What you are asked to do
Repeat only the lines between the one with "BIGOTRE purse ballメタルバッグsilverビゴター6ROKU" and the end of the material below, both ends included. Omit any picture.

[[ Supplied data, beginning ]]

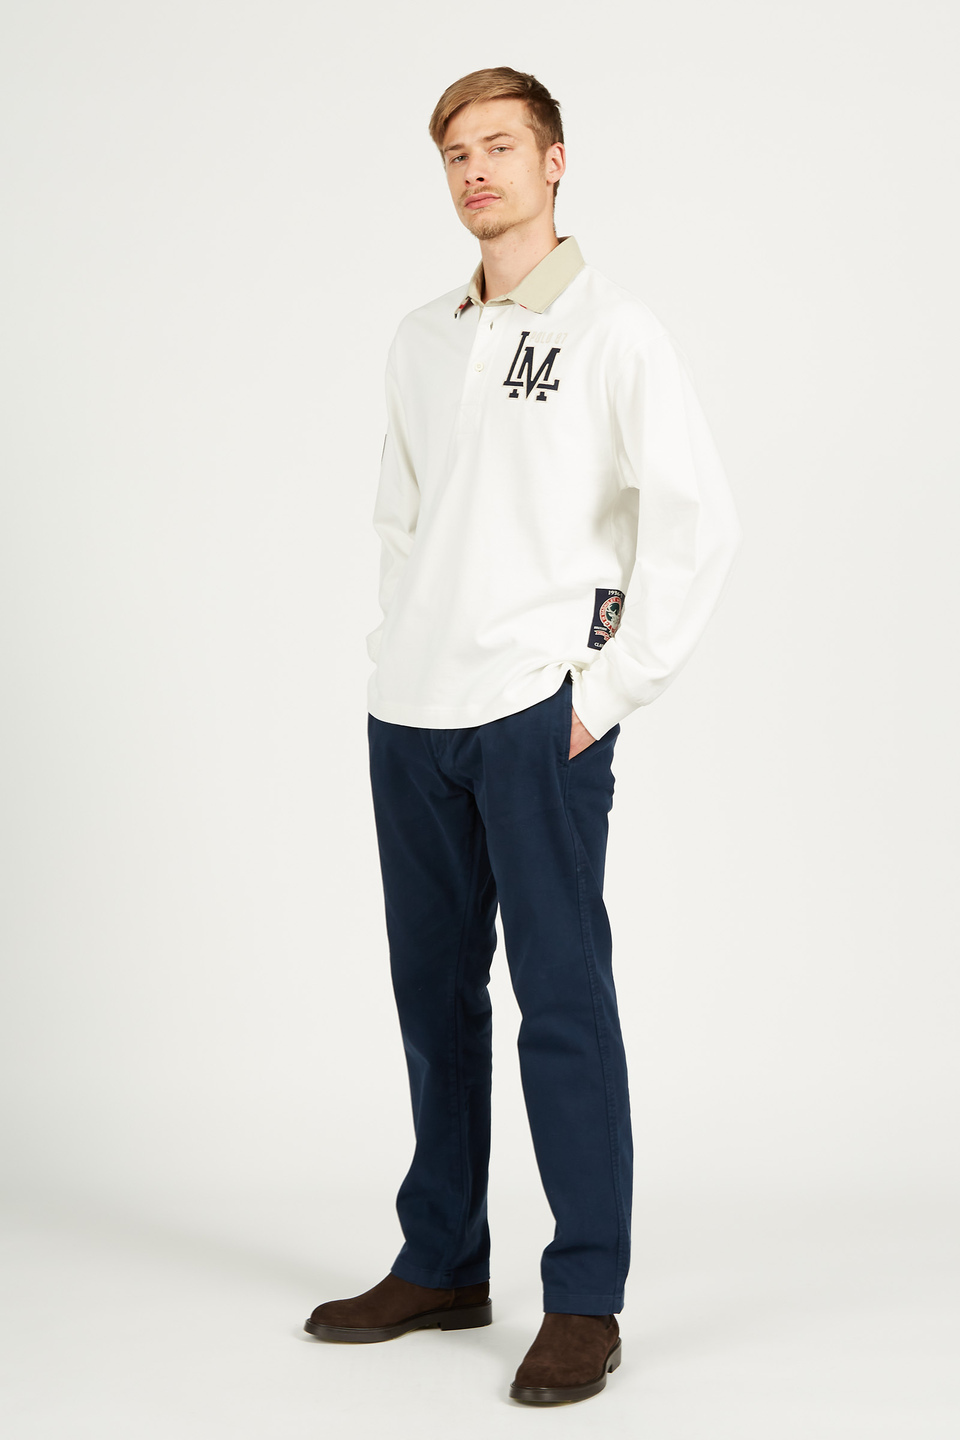 Pantalone da uomo in cotone modello chino regular fit | La Martina - Official Online Shop
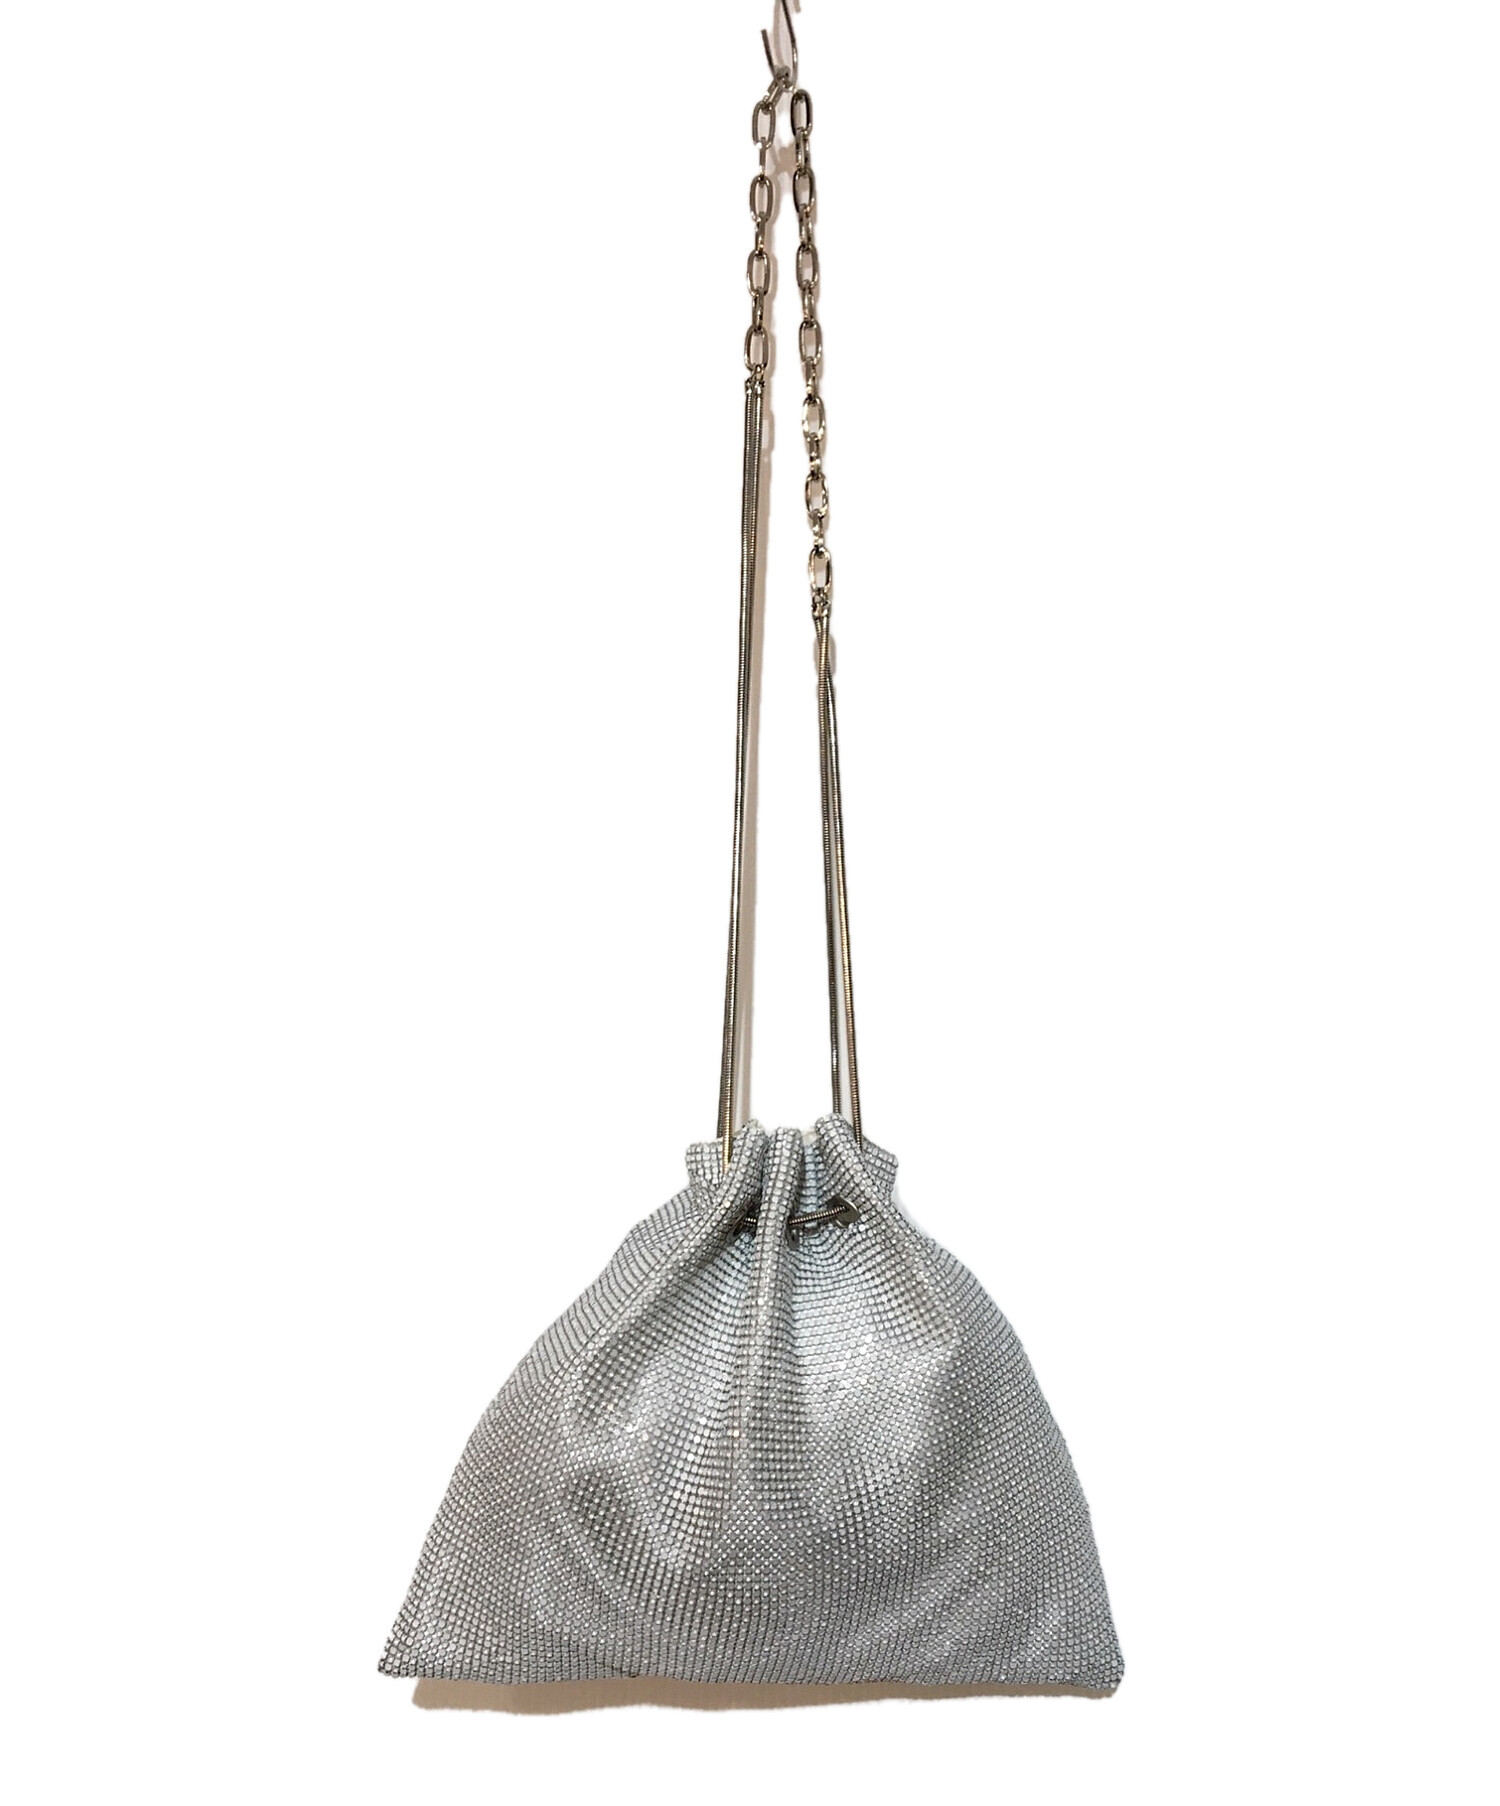 BIGOTRE purse ballメタルバッグsilverビゴター6ROKU - ショルダーバッグ
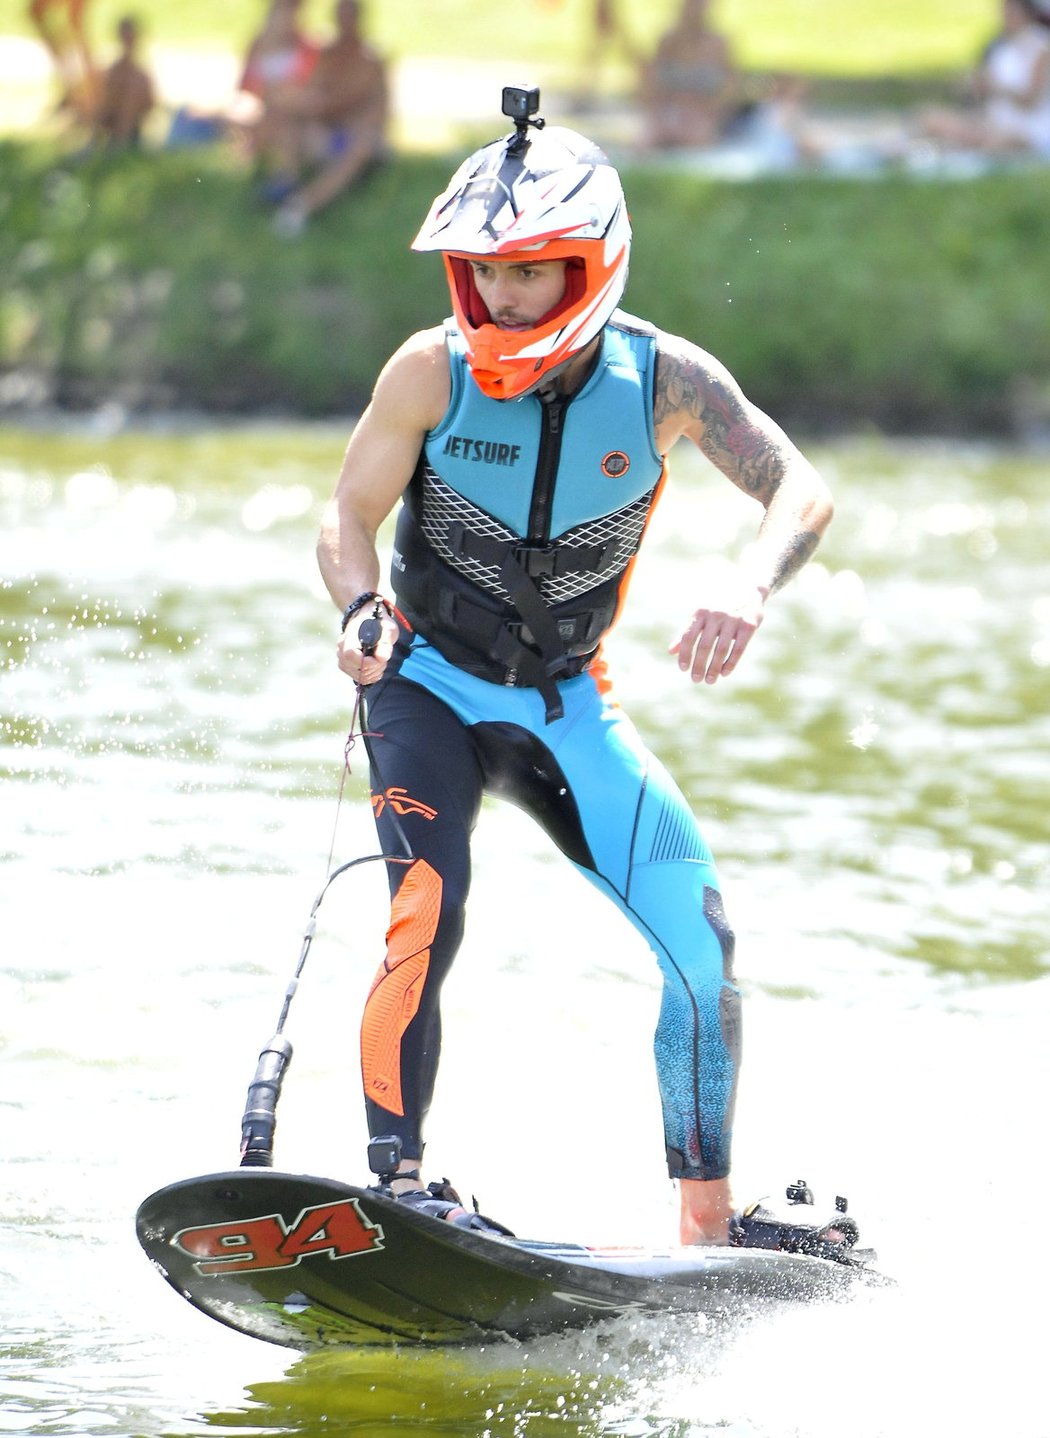 Jezdci, kteří se zúčastní Velké ceny Brna, si na místní přehradě vyzkoušeli surfování na motorovém prkně
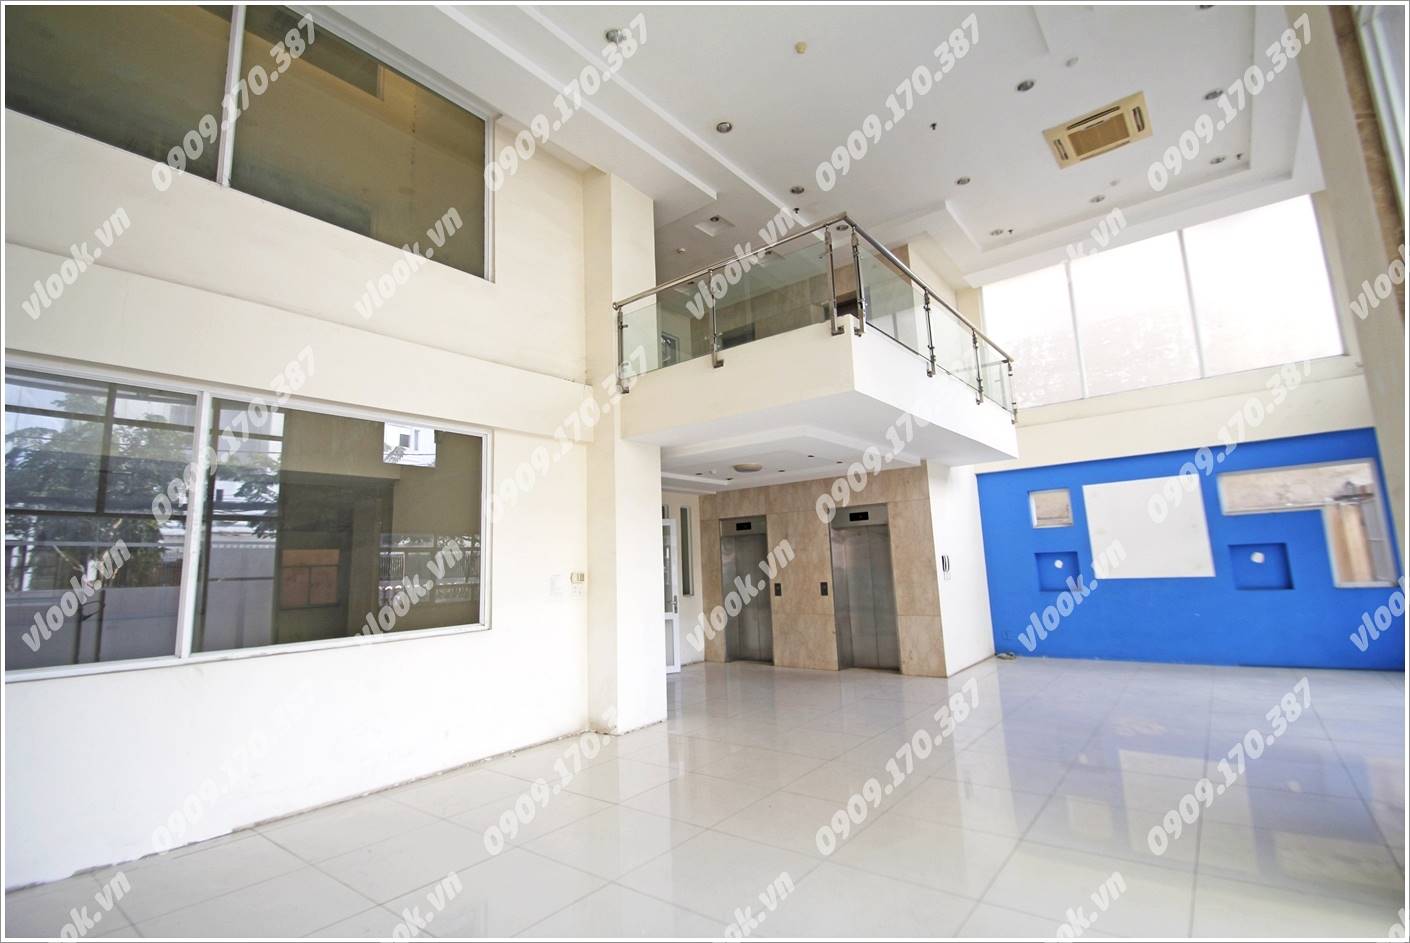 Cao ốc cho thuê văn phòng Halo Lê Trung Nghĩa Building, Quận Tân Bình - vlook.vn

[[ Supplied data, end ]]

Problem solution
 BIGOTRE purse ballメタルバッグsilverビゴター6ROKU - ショルダーバッグ
 Jezdci, kteří se zúčastní Velké ceny Brna, si na místní přehradě vyzkoušeli surfování na motorovém prkně
 Cao ốc cho thuê văn phòng Halo Lê Trung Nghĩa Building, Quận Tân Bình - vlook.vn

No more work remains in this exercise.